As the Packers geared up for the Super Bowl, I dug out the study released last fall on the economic impact of Lambeau Field on Green Bay and Brown County. The impact is huge: $282 million annually, including 2,560 jobs, $124.3 million in earnings and $15.2 million in tax revenue. The Packers are the foremost local asset used in marketing efforts for business recruitment, according to economic development officials, and two-thirds of those surveyed consider the team and stadium significant positive factors in their decision to locate in the area.
Now, obviously, most people don’t decide to work in Northeast Wisconsin just so that they can attend Packers games in the fall. (Well, I’m sure there are a few – you know who you are!)
It’s not about the games. It’s about the feeling of pride, the fact that the Packers put us on the map. It’s the realization that even though the New North’s 1.2 million population is small compared to most places with professional sports teams, the spotlight shines on us with every game. More than 100 million people worldwide were expected to watch Super Bowl XLV.
The NFL is a money-making machine, but in Green Bay, it’s not all about the money. As the only non-profit, community-owned franchise in American professional sports, it’s a story about heart. It’s about the ghost of Vince Lombardi and never giving up your dreams. It’s about community.

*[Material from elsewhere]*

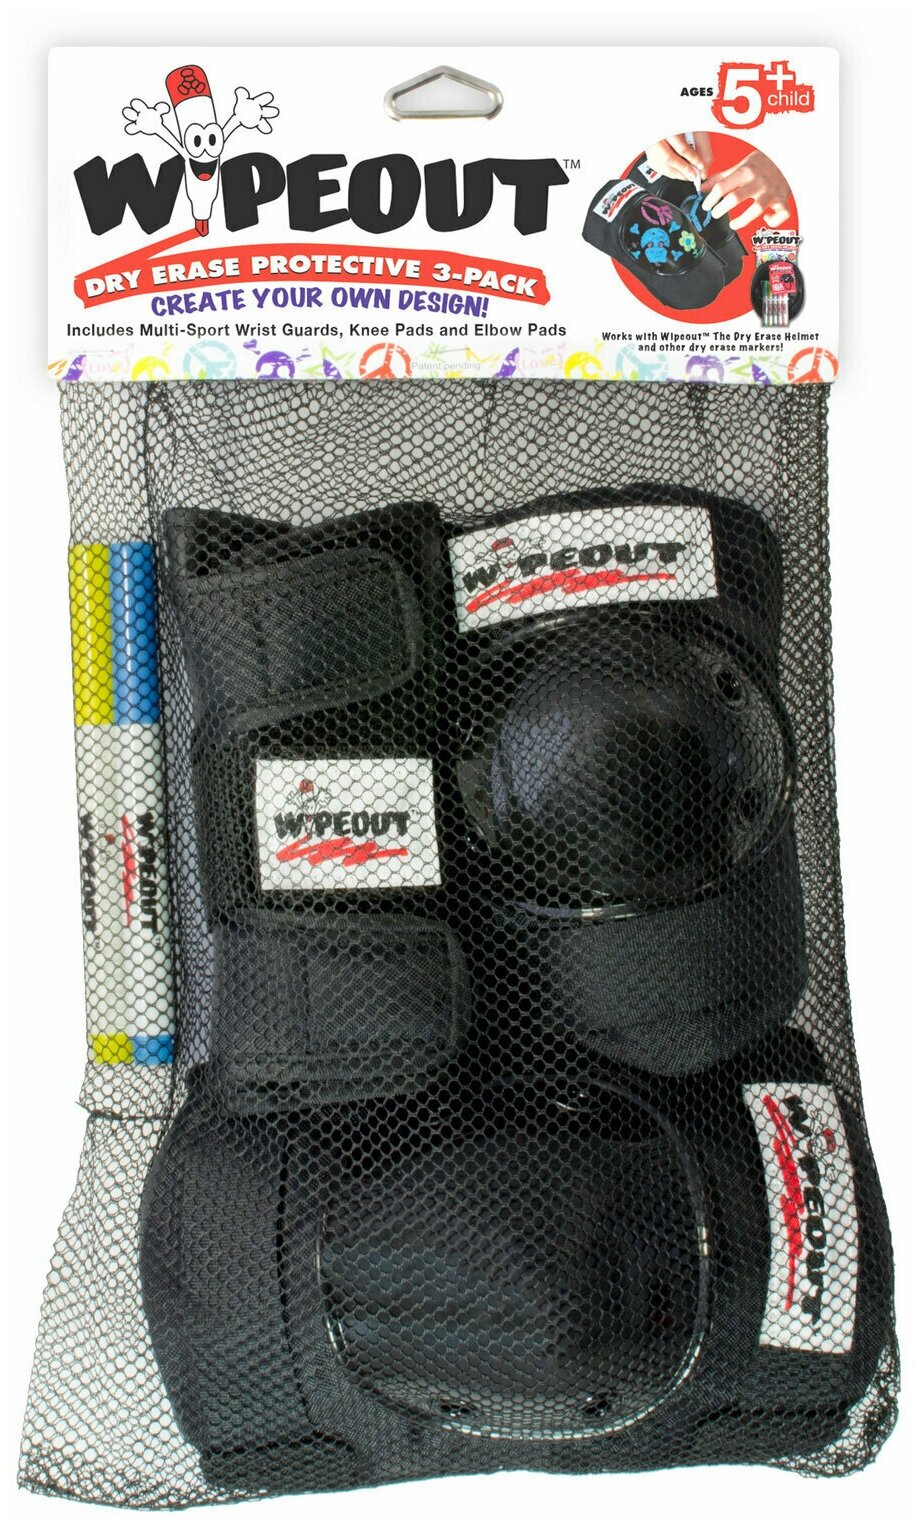 Комплект защиты с фломастерами Wipeout Black (M 5+) [3 в 1]

The Packers aura will shine bright well beyond the Super Bowl. “Lombardi,” a Broadway play based on the book When Pride Still Mattered: A Life of Vince Lombardi by David Maraniss, opened in October to rave reviews – and there’s talk it may come to our area. A feature-length film, “Lombardi,” starring Robert DeNiro, is scheduled for release next year. It will focus on the week leading up to the 1967 “Ice Bowl” game between the Packers and Dallas Cowboys.

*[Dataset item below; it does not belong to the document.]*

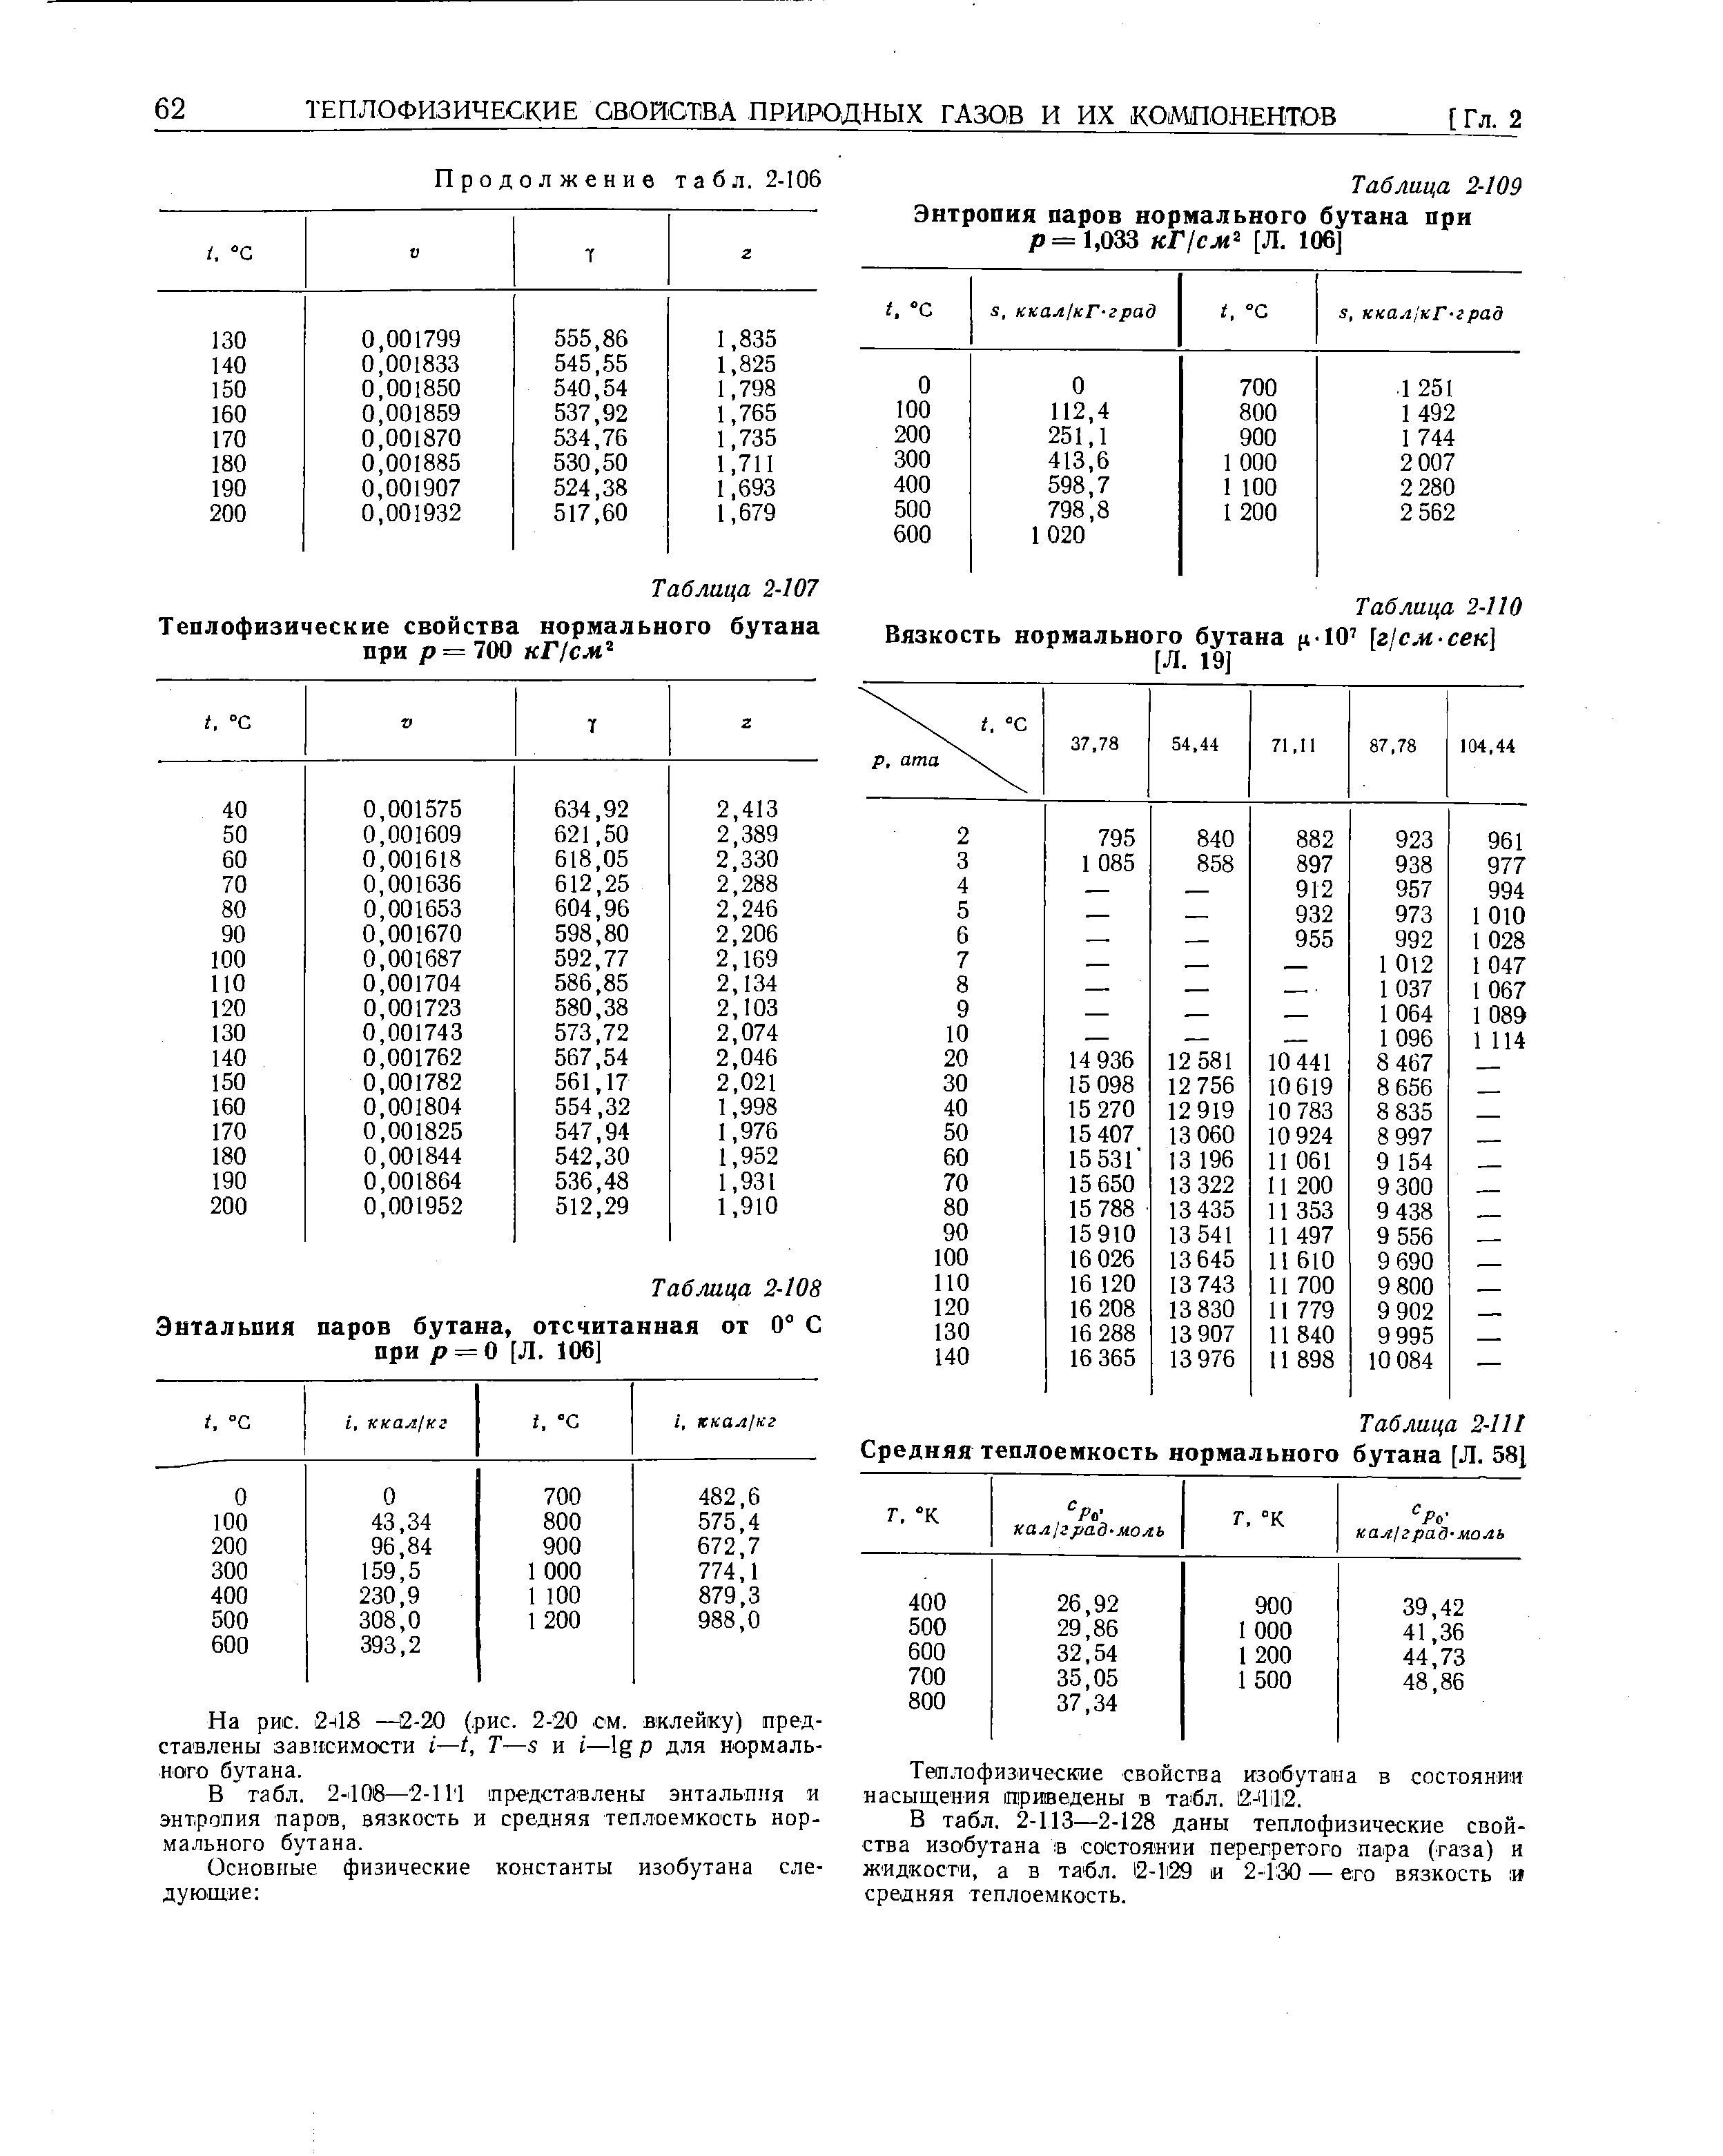 Таблица 2-109 Энтропия паров нормального бутана при р= 1,033 кГ см [Л. 106]

The Packers’ economic impact was derived by calculating Packers-related revenue, including restaurants and hotels, souvenir sales, attendance at other nearby venues and charitable donations. But how do you put a dollar amount on the economic impact of legends, of pride? The answer is you don’t. These are things that are simply, well, priceless.
One company that could have started anywhere but is proud to call Green Bay home is MEGTEC, this month’s cover story (page 26). MEGTEC is making great (Lambeau) leaps by improving lithium-ion batteries such as those used in electric cars. If they gain yardage with efficiencies that drive the cost down, perhaps we’ll all be driving electric cars much sooner than you think.
As the economy improves – and especially, as fewer workers remain to replace retiring baby boomers – many companies feel threatened that their best players may be recruited by competing teams. (Even the Packers’ B.J. Raji is not big enough to stand in the way of such threats!)